— YOUR OBJECTIVE —
Return each line of the records below that contains the word "Images".

— Stored records —
((
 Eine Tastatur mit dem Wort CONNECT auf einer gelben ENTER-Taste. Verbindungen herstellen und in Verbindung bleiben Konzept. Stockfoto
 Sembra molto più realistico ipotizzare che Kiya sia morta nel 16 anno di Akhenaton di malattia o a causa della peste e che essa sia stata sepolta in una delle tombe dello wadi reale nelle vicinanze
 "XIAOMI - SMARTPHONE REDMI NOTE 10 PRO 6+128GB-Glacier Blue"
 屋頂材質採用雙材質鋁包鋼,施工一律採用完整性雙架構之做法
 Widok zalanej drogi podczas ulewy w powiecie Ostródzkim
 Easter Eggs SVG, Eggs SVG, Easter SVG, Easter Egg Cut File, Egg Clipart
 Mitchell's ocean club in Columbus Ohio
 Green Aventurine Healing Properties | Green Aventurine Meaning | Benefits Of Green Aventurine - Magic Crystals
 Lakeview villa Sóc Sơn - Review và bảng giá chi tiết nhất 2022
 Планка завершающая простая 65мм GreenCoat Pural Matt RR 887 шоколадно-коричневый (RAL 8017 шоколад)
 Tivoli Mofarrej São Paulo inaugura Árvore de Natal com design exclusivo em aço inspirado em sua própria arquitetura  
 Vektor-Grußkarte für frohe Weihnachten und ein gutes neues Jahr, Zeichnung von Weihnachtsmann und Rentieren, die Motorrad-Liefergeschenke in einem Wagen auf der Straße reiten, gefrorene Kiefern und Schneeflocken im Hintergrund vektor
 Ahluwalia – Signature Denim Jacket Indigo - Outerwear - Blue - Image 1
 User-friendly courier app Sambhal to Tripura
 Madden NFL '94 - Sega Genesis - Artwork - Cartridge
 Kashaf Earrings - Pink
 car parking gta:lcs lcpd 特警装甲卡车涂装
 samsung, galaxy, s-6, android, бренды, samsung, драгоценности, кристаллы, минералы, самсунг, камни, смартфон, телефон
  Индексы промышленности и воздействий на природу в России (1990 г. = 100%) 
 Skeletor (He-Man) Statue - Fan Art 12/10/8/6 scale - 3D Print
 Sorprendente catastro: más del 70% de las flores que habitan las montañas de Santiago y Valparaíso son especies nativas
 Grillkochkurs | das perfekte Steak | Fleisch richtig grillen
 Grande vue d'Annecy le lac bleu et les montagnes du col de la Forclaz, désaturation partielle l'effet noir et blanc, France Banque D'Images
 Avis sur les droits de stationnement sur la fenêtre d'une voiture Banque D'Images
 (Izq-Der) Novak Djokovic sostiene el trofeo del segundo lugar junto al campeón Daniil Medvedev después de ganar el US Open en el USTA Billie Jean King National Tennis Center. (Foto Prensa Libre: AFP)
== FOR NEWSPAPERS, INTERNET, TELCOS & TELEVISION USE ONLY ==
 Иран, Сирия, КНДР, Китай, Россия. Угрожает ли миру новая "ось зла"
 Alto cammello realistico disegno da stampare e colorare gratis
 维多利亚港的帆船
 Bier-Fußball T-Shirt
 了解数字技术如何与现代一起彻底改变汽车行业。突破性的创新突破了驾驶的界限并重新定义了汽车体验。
))
— REPLY TO THE EXERCISE —
 Grande vue d'Annecy le lac bleu et les montagnes du col de la Forclaz, désaturation partielle l'effet noir et blanc, France Banque D'Images
 Avis sur les droits de stationnement sur la fenêtre d'une voiture Banque D'Images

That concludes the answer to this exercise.